Ajans Bakırçay
2020-05-07 11:16:11

Mayıs ve Kitap

Recai Şeyhoğlu

recaiseyhoglu1952@gmail.com 07 Mayıs 2020, 11:16

Kim Milyoner Olmak İster adlı yarışma programında yarışmacı koltuğuna oturan her kişi, bilemediği soru için bahaneyi hep oturduğu koltukta buluyor ve diyor ki "Bu koltukta oturmak gerçekten başkaymış. Denildiği kadar varmış."

Elenen hiçbir kişi bilemediği için elendiğini söylemiyor doğru dürüst. Heyecanlanmış da onun için elenmiş. "Hadi canım sen de!" diyesim geliyor o tür yarışmacılara.

"Bu koltuk gerçekten bir başkaymış."

Neredeyse klişe olup gitti bu tümce.

Oysa o koltuk, diğer bütün koltuklar gibi tahta, çivi, sünger ve kumaştan yapılma…

"Ana adlı roman şu aşağıdaki yazarlardan hangisinindir?" diye bir soru soruluyor örneğin ve dört yanıtta Shakespeare/ Kafka/ Balzac/ Gorki adları veriliyor.

Ana’yı okumadığı için yazarını da bilemeyecek olan yarışmacımız kendi kendine yorum yapıyor. C şıkkı bana sıcak geliyor, diyor. Ya da B seçeneğinin kendisine daha yakın geldiğini söylüyor.

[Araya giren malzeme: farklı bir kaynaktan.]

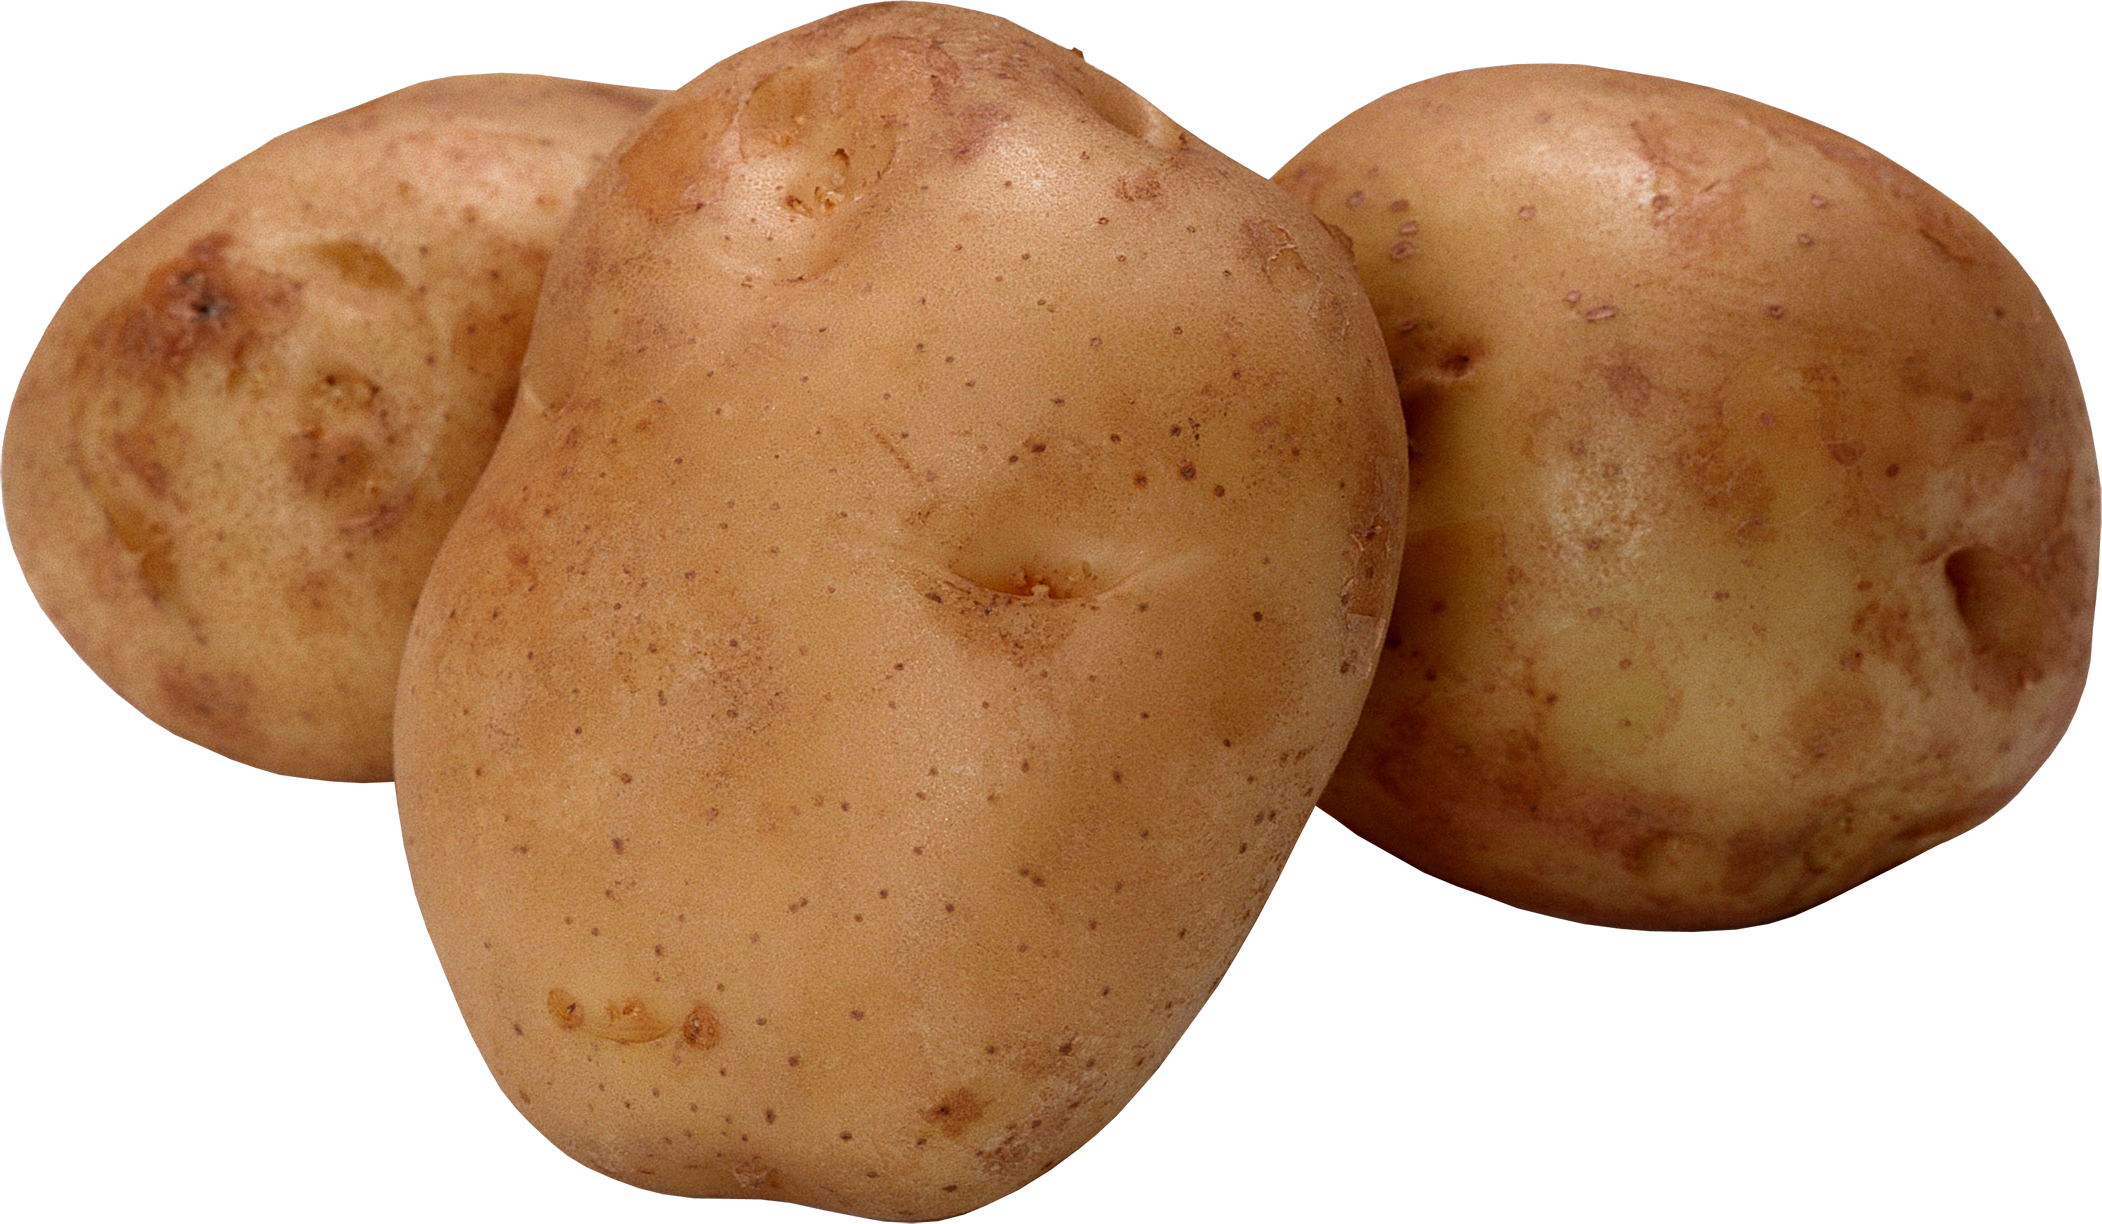 Kartoffel

Romanı okumadan falanca seçeneği kendisine nasıl yakın bulurlar anlamak zor doğrusu…

Oysa doğrusu ne?

"O romanı okumadım. Yorum yapamayacağım."

Bunu söyleyen yok gibi…

****

Genç birine "Doğrudan" anlamına gelen sözcüğün doğru yazılışı hangisidir diye bir soru soruluyor. Seçenekler; Direk/ Direkt/ Drekt/ Direnk

Genç yarışmacı 'Direk' diyor.

Başka bir soruda "Afrika’yla ilgili belgesellerde, nehire su içmeye gelen etoburları sudan aniden çıkarak avlarken görülen hayvan hangisi olur?"

Yarışmacı, bu sorunun yanıtını maalesef bilemiyor. Timsah seçeneği dışında bir seçeneği söylüyor.

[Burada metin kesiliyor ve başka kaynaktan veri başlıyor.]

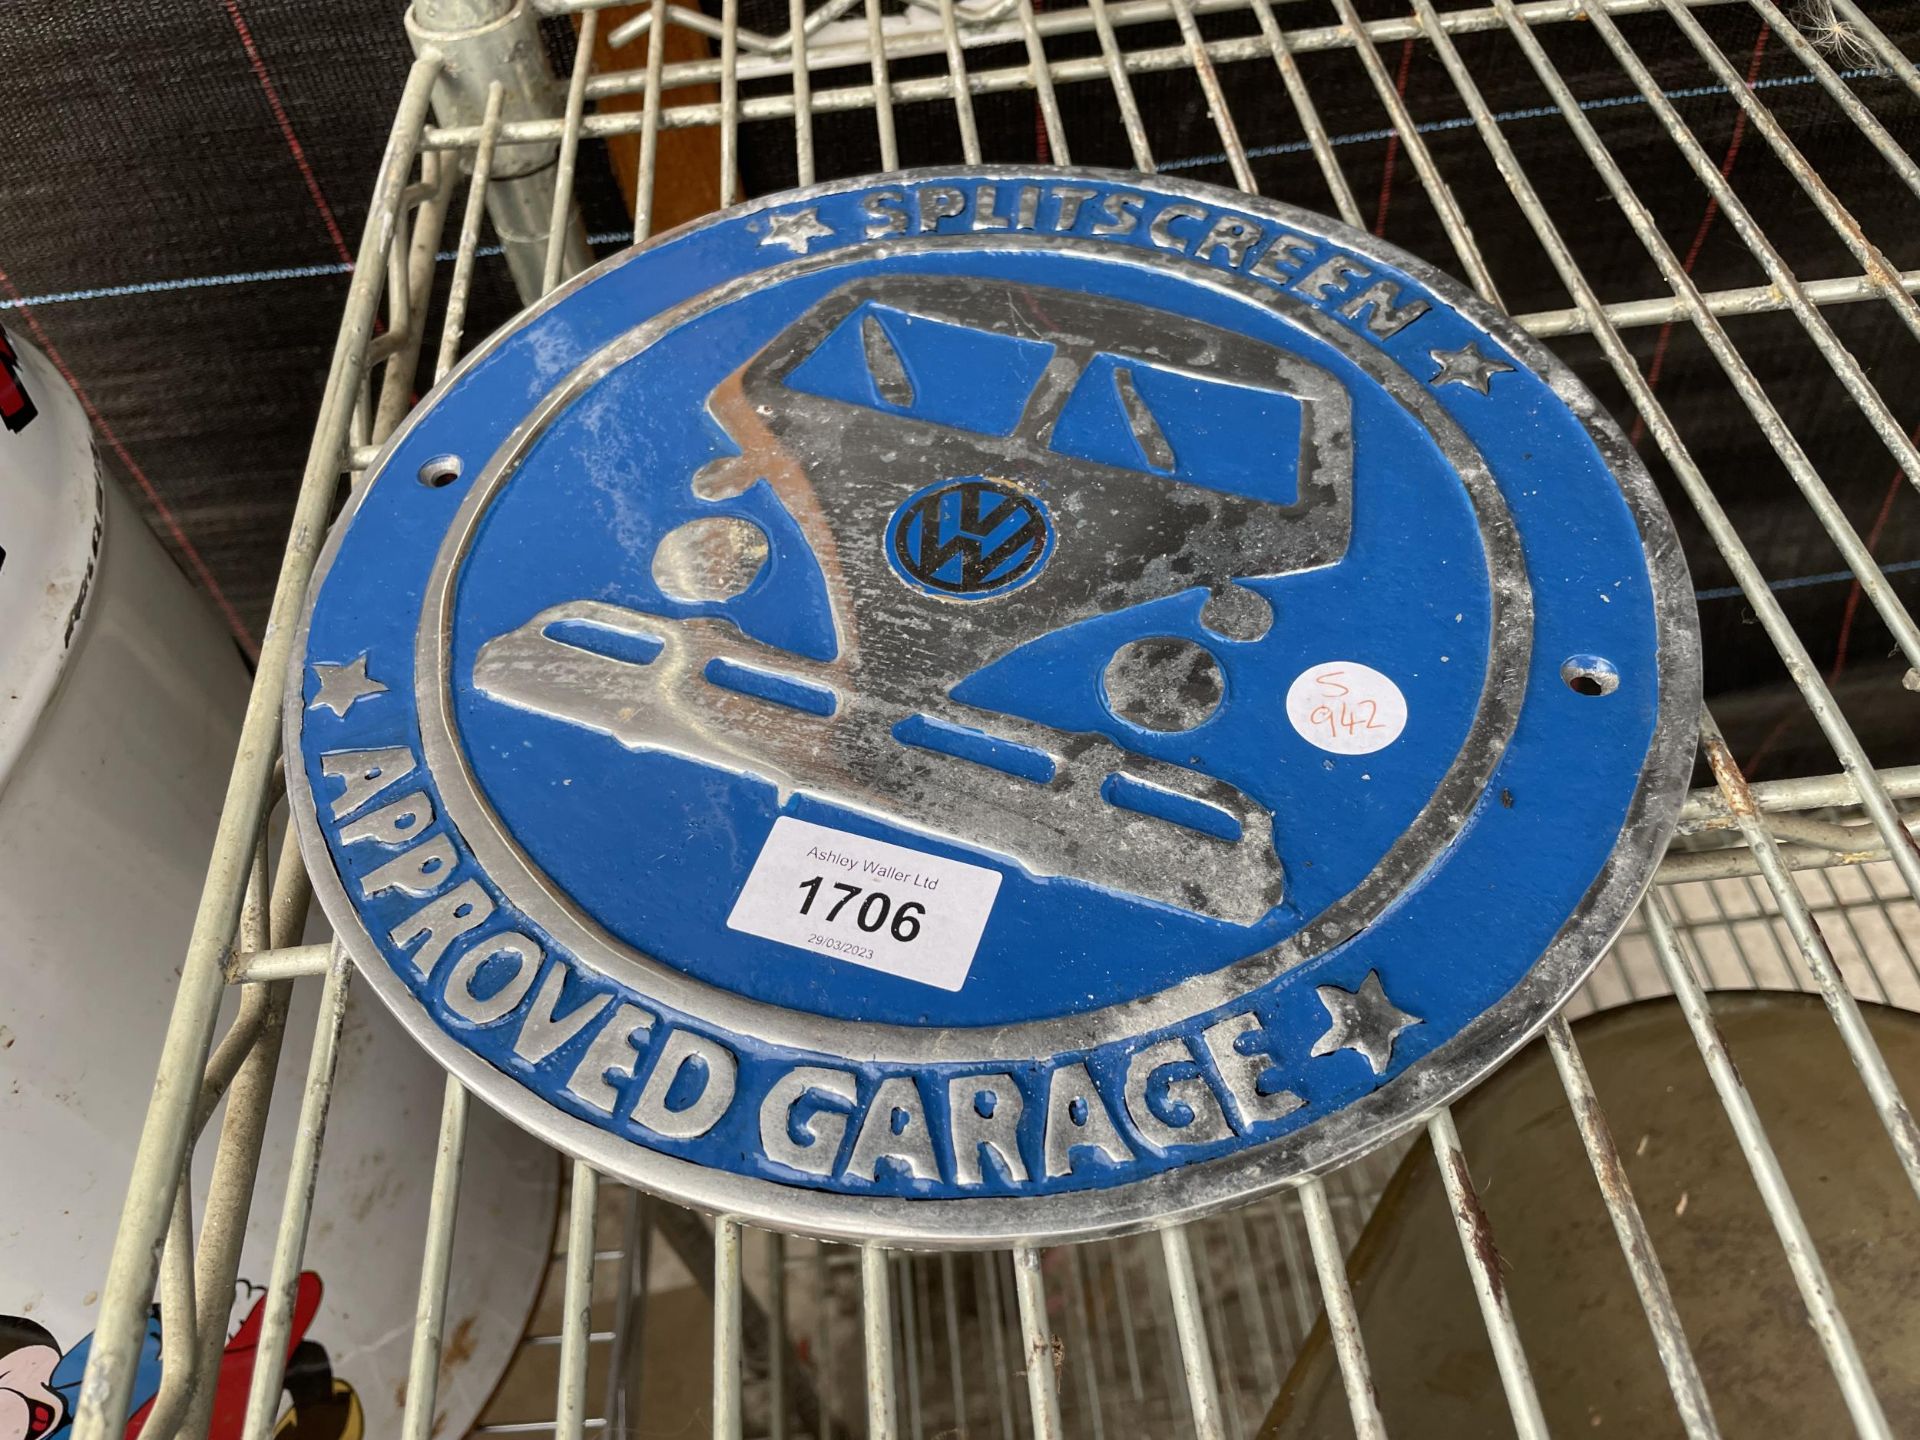 A BLUE VW CAST SIGN

Bu çağda bu kadar bilgisizlik/ bu kadar cehalet nedendir, anlamakta zor!

Bizi kimler bu noktaya getirdi? Neden bu denli cahilleştirildik biz?

****

Adam, emniyet kemerini takmadığı için ceza yiyor. Don Kişot sayfası kadar martaval okuyor trafik polisine. "Haklısınız memur bey, hata yaptım. Cezama razıyım." dediği yok.

****

Sokağa çıktığı için yakalanan adam polise diyor ki; "Sokağa çıkma yasağı mı var, bilmiyordum."

Yalan, sevgilinin kucağı mıdır da bu kadar çok sarılırız ona?

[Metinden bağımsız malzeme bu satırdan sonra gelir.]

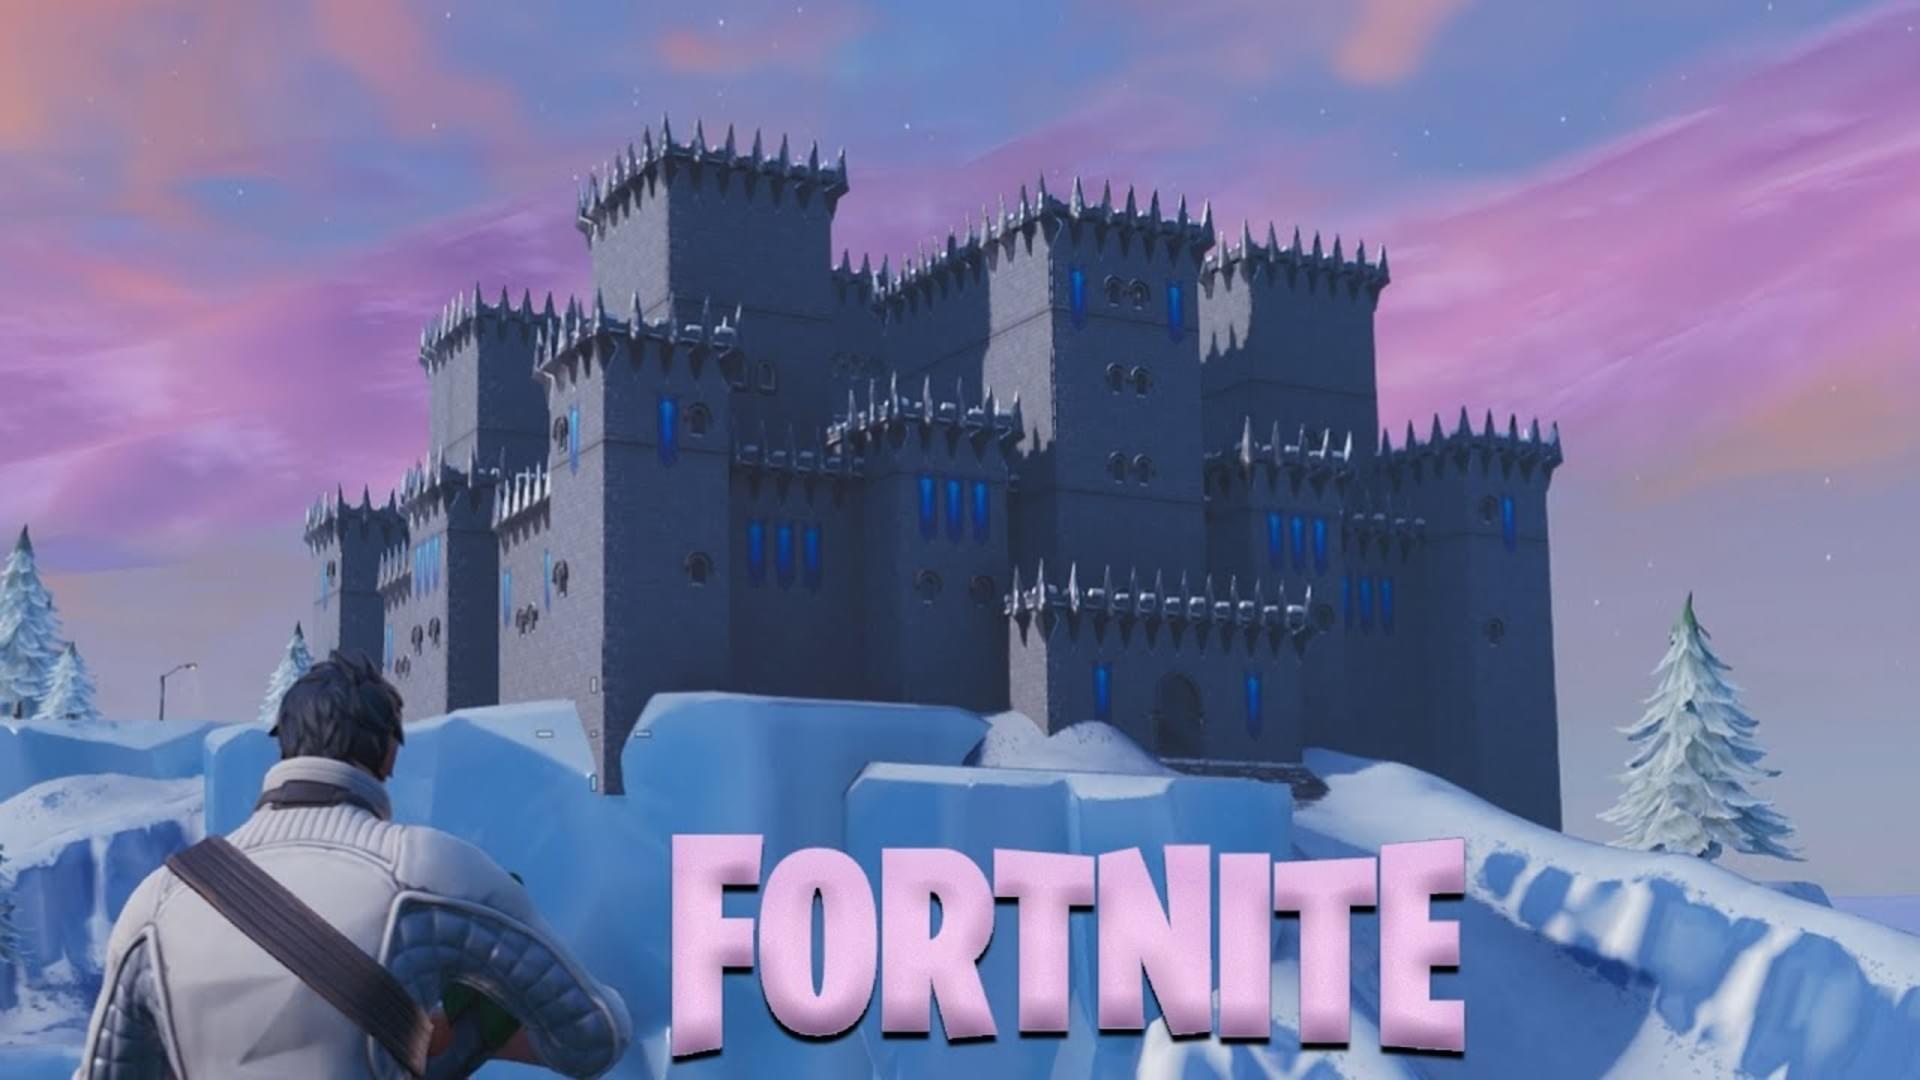 Fortnite Creative Deathmatch Castle Frozen By Ego Hapec - deathmatch castle frozen

Aklıma gelen, o unutamadığım anımı paylaşmış olayım.

Çeyrek yüzyıl önceydi. Yeşilyurt’tan Limontepe’ye gideceğim. Su Deposu’nun olduğu yerde çift yönlü bir yol var ve ben zamandan kazanmak/ derse yetişmek için ters yola girdim. 500 metre ilerde, iki yolun birleştiği yerde ne göreyim? İki polis yolun ortasında bekliyor.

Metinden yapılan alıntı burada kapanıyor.